The α-Glc inhibition properties of the mixtures were surveyed by TLC autography using reported protocols [47]. Briefly, a Silica gel-TLC plate (64 cm2) was sprayed with the 2-naphthyl-α-d-glucopyranoside: Fast Blue B salt (1:1, V/V) solution using a glass reagent sprayer operated with compressed air. Then, the plate was dried under air current at room temperature. 80 mg of agar was dissolved at 80 °C in 9.4 mL phosphate buffer (100 mM, pH 7.0), the solution was allowed to cool down (40 °C) and 188 μL of α-Glc solution (12.5 U/mL) was added. The obtained solution was mixed by inversion and distributed over the TLC plate. After cooling and solidification, the plate was incubated at 37 °C (10 min) in a stove.

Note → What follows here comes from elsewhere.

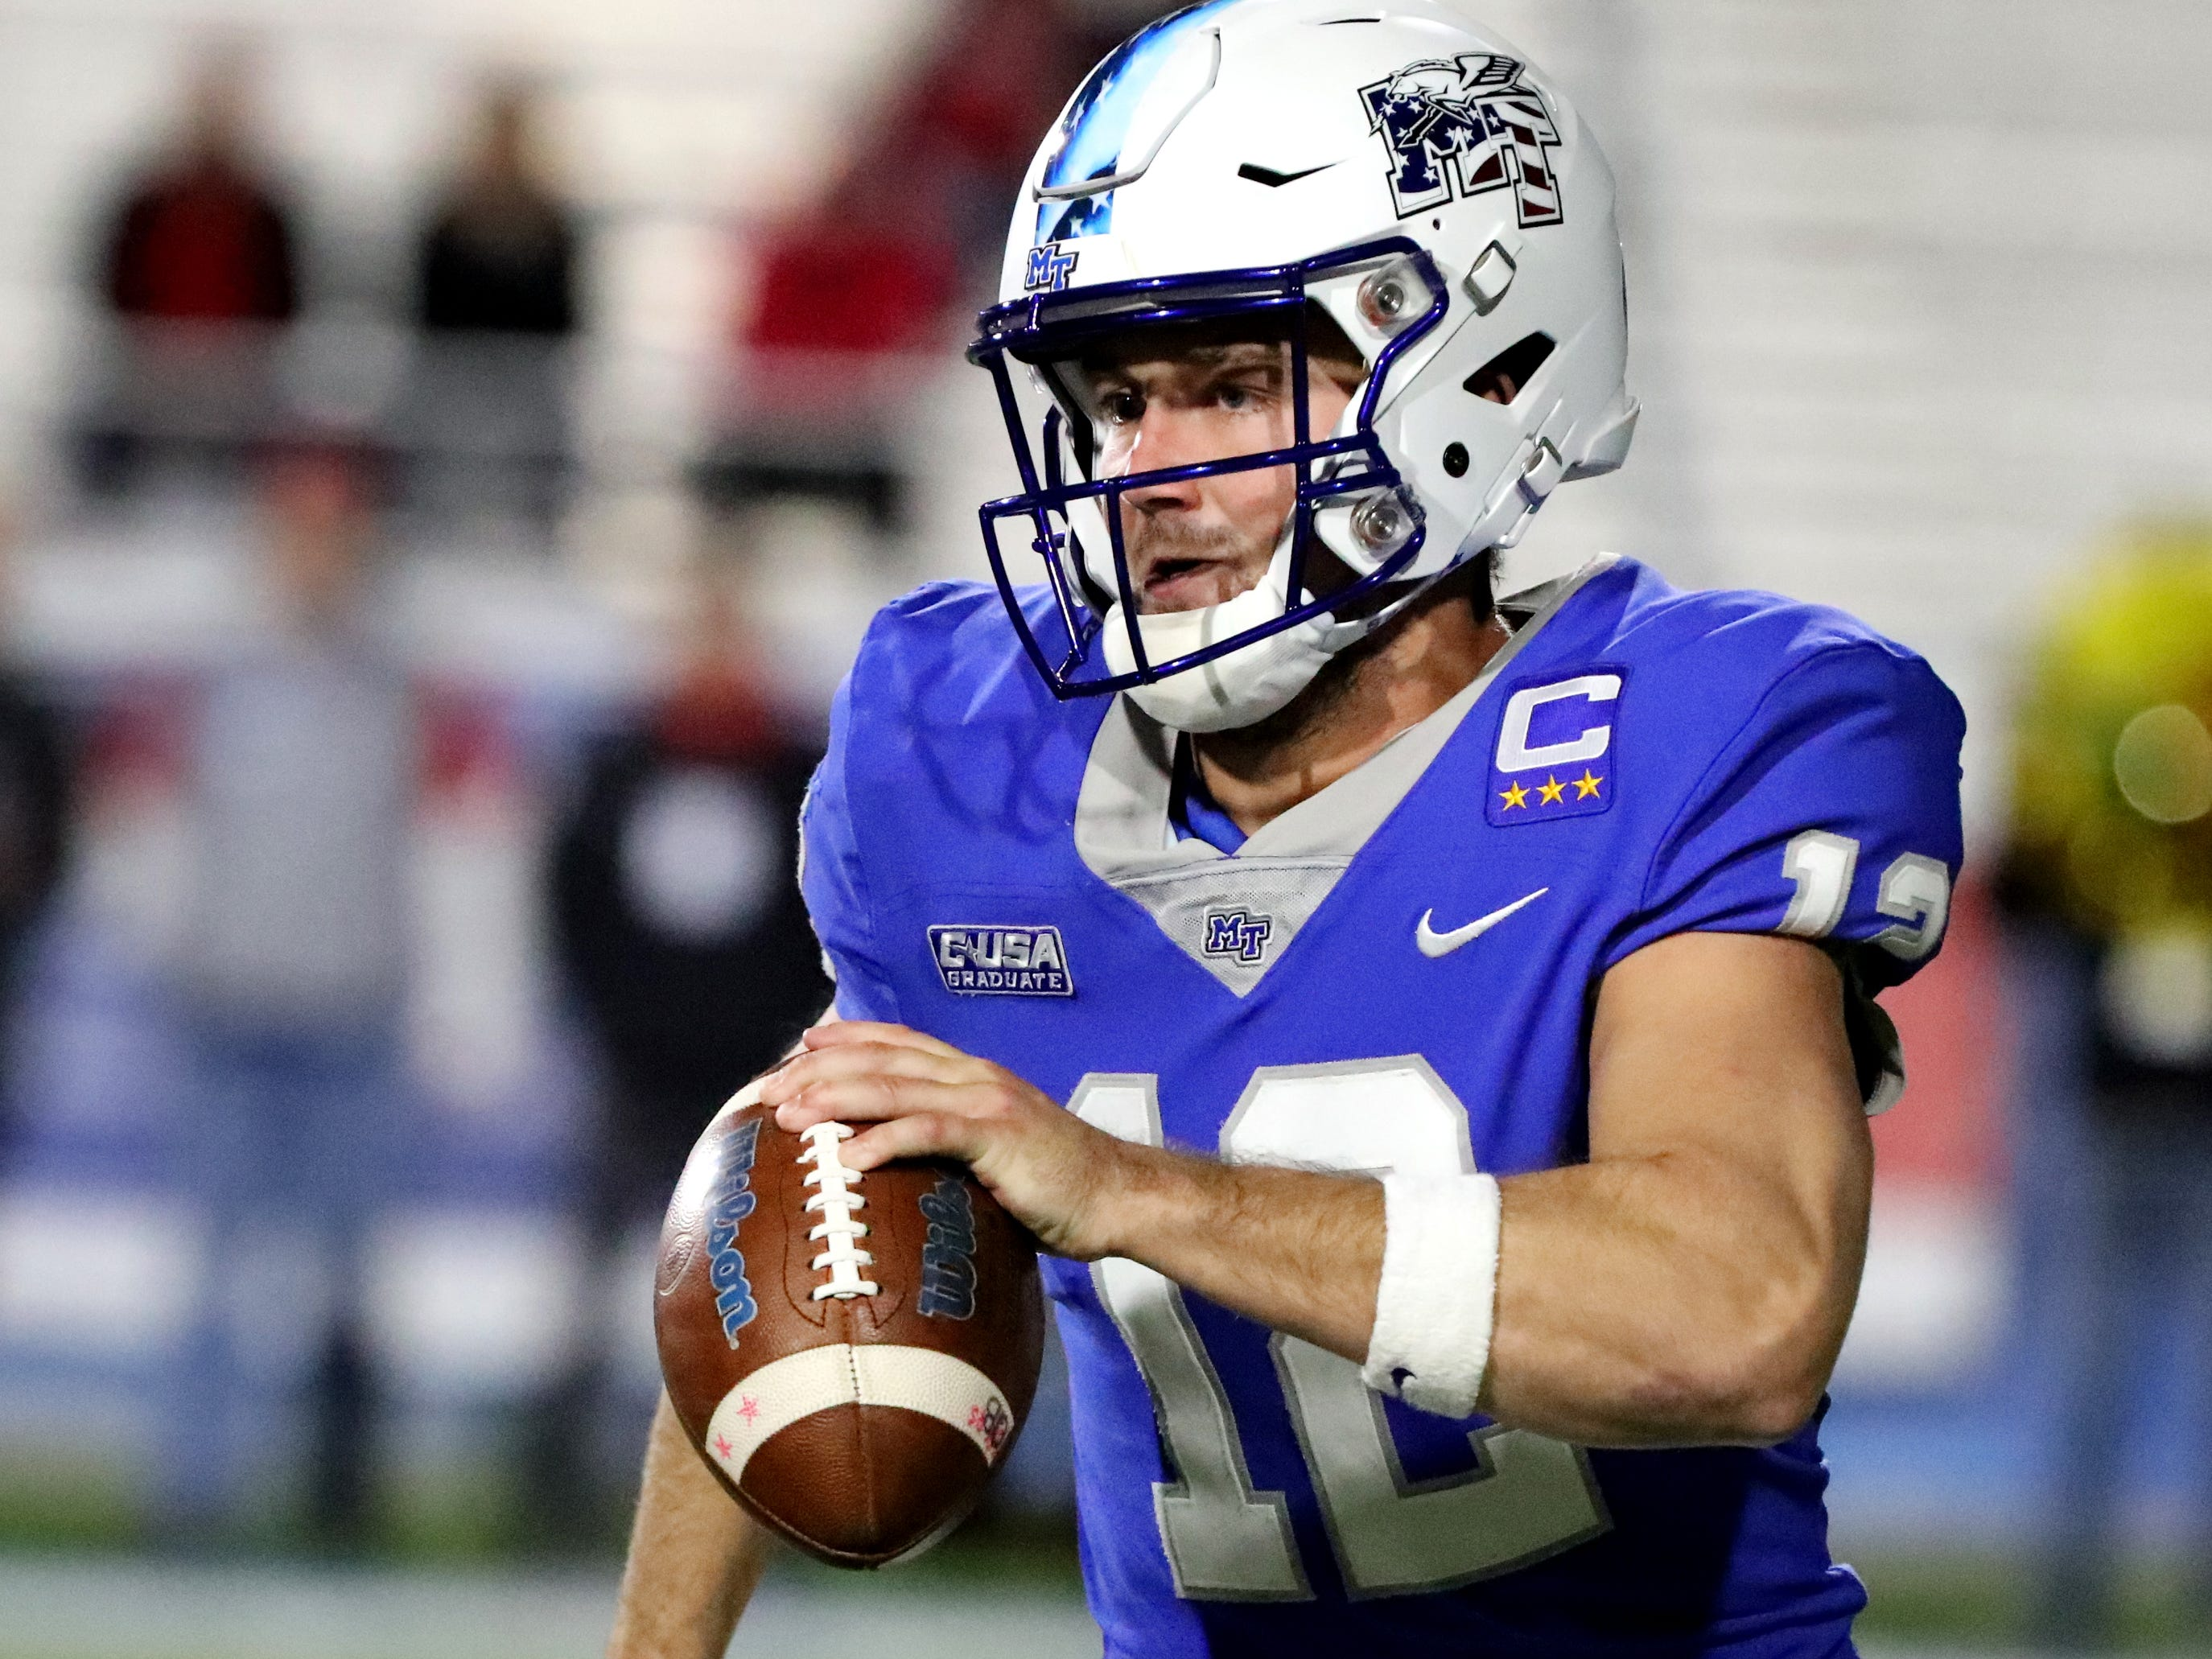 MTSU 29, WKU 10: What we learned as Blue Raiders end losing streak to Western Kentucky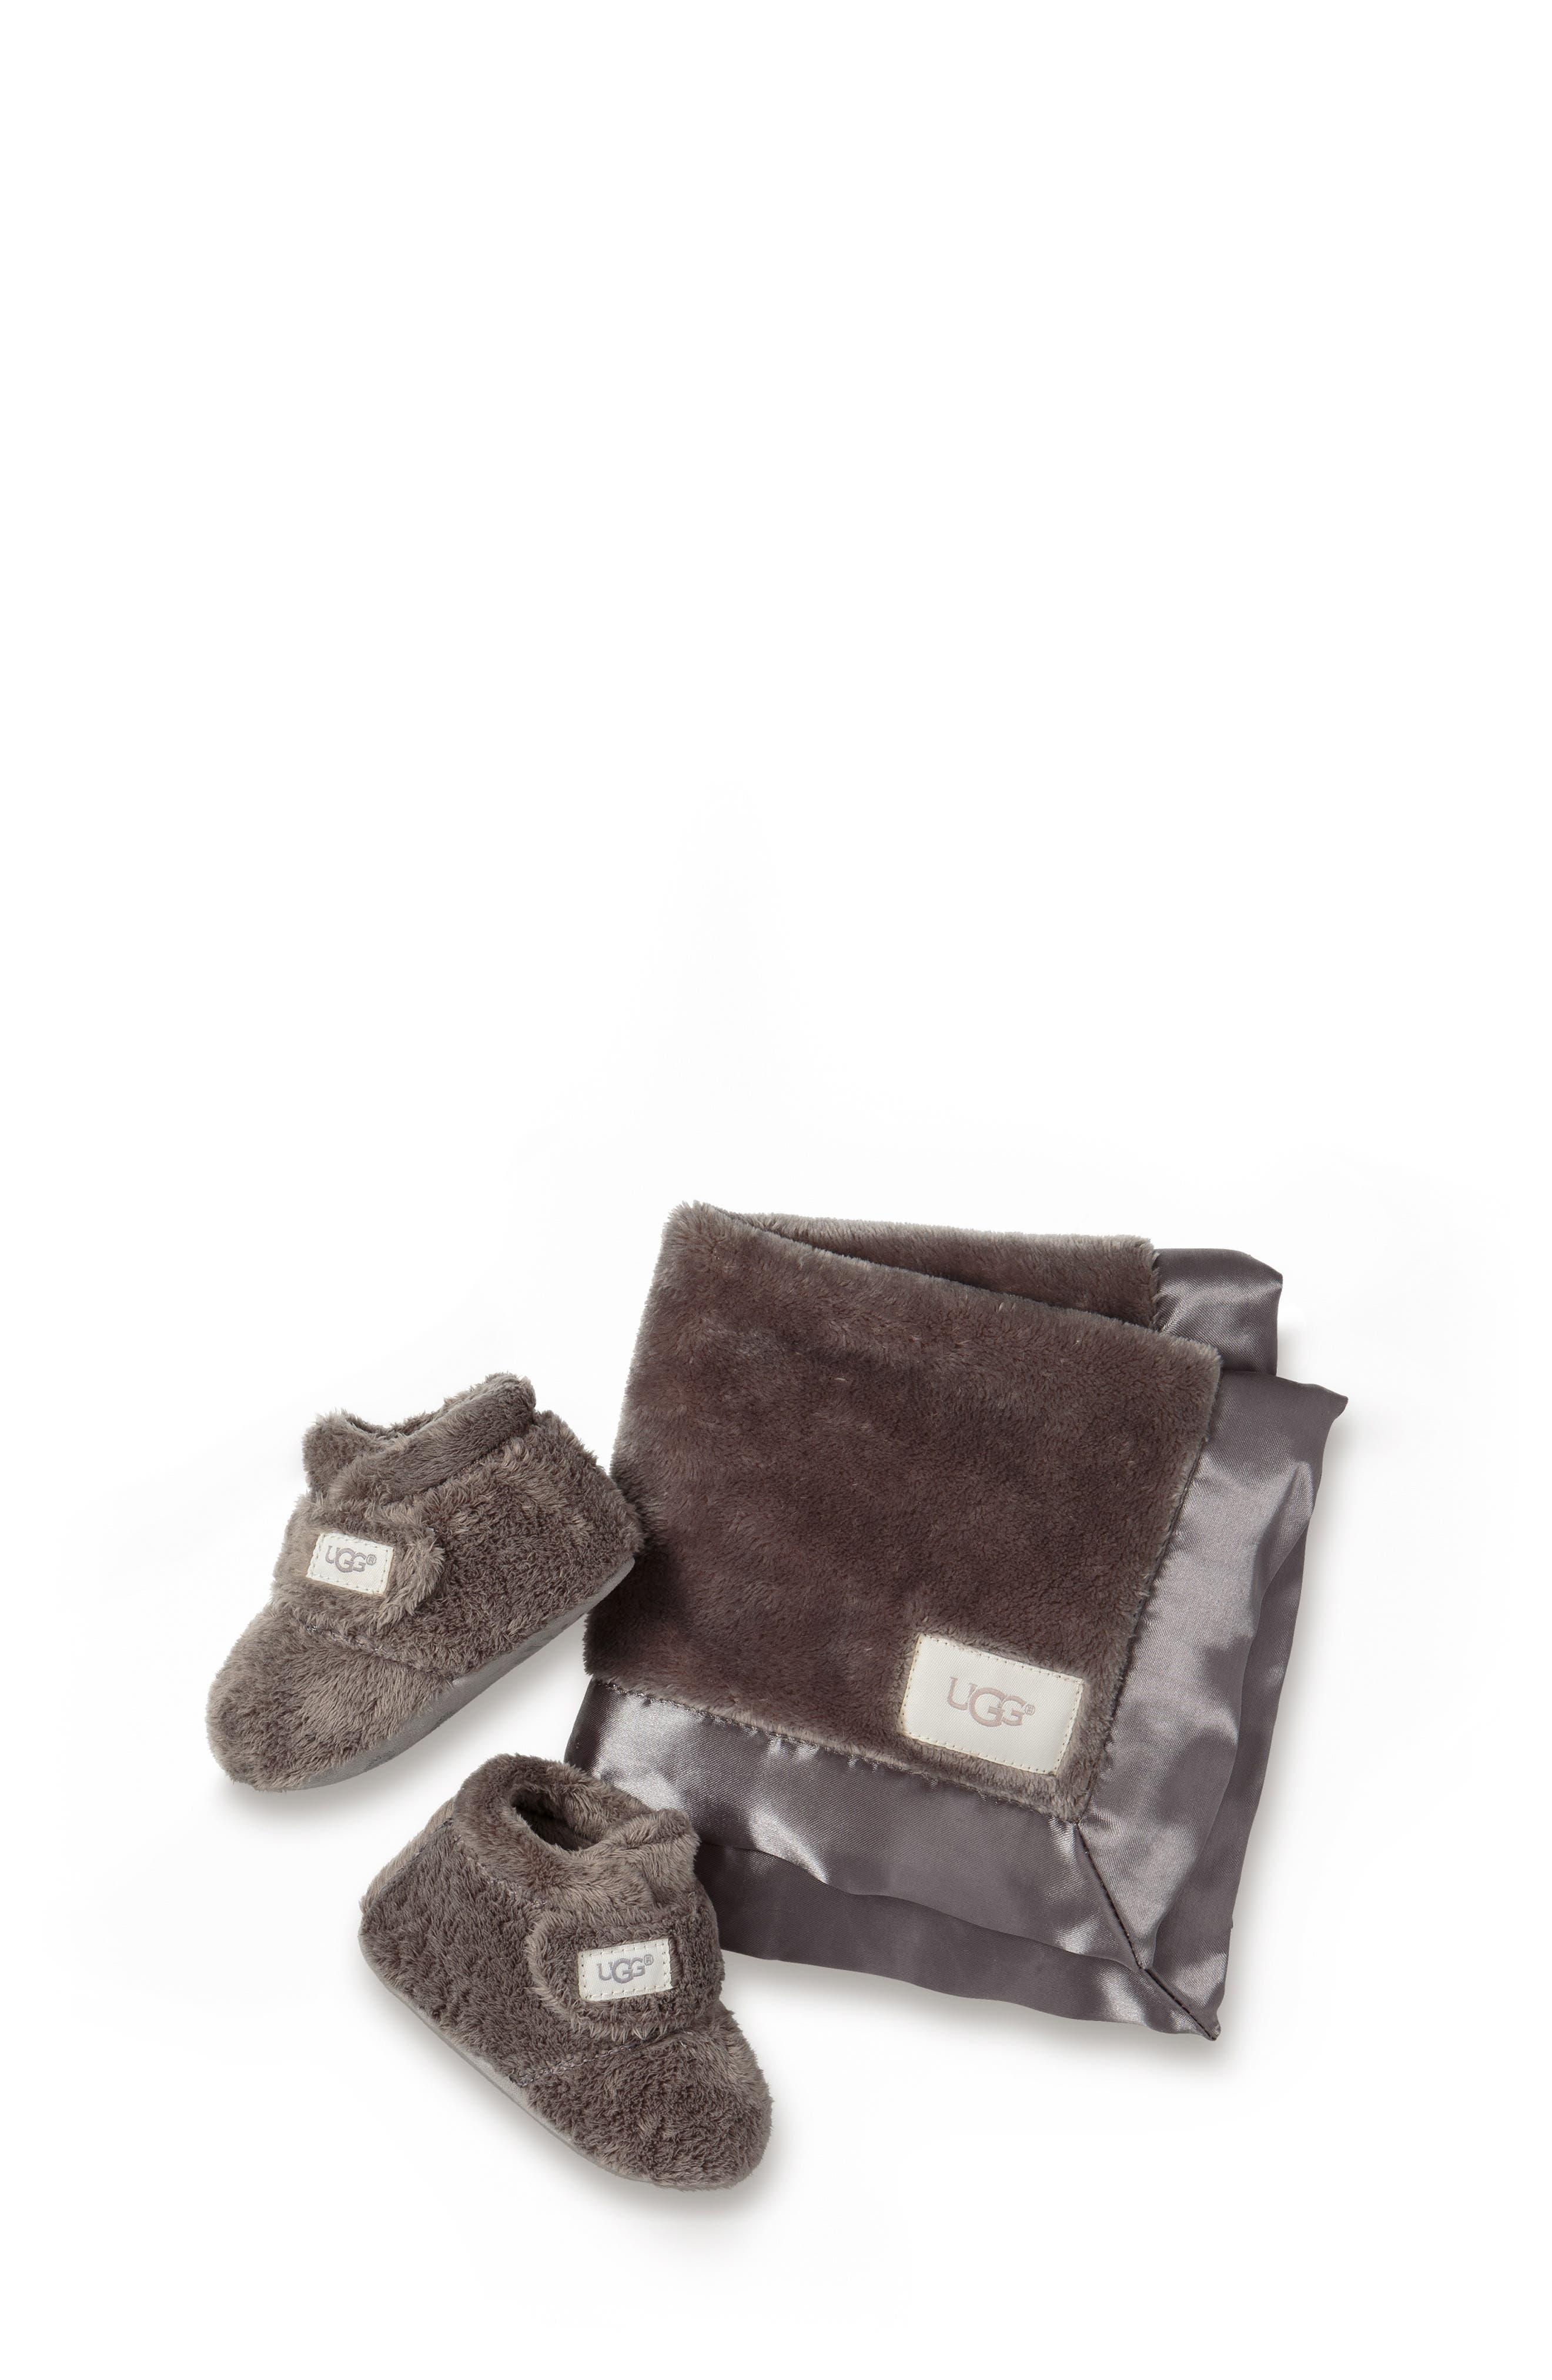 UGG<SUP>®</SUP>, Bixbee Booties & Lovey Blanket Set, Main thumbnail 1, color, CHARCOAL

DAD-HPLC measurements were performed on a Hewlett Packard HP 1050 series, coupled to a G1306AX DAD. The samples were directly loaded on a Phenomenex Gemini C18 column (5 µm × 150 mm × 4.6 mm). Mobile phase: A: Methanol with formic acid (5%); B water/methanol (39/61) with formic acid (5%). Method: 0 min, B 100%, 3 min B 100%, 5 min B 90%, 8 min B 90%, 15 min B 82%, 16 min B 82%, 17 min B 70%, 20 min B 60%, 22 min B 60%, 23 min B 10%, 25 min B 10%. Injected volume: 3 µl. Flow: 0.3 mL/min. Column temperature: 30.0 °C. Detection at 254 nm. Solutions of 0.15 mg/mL (pure compounds) or 10 mg/mL (for mixture) were injected.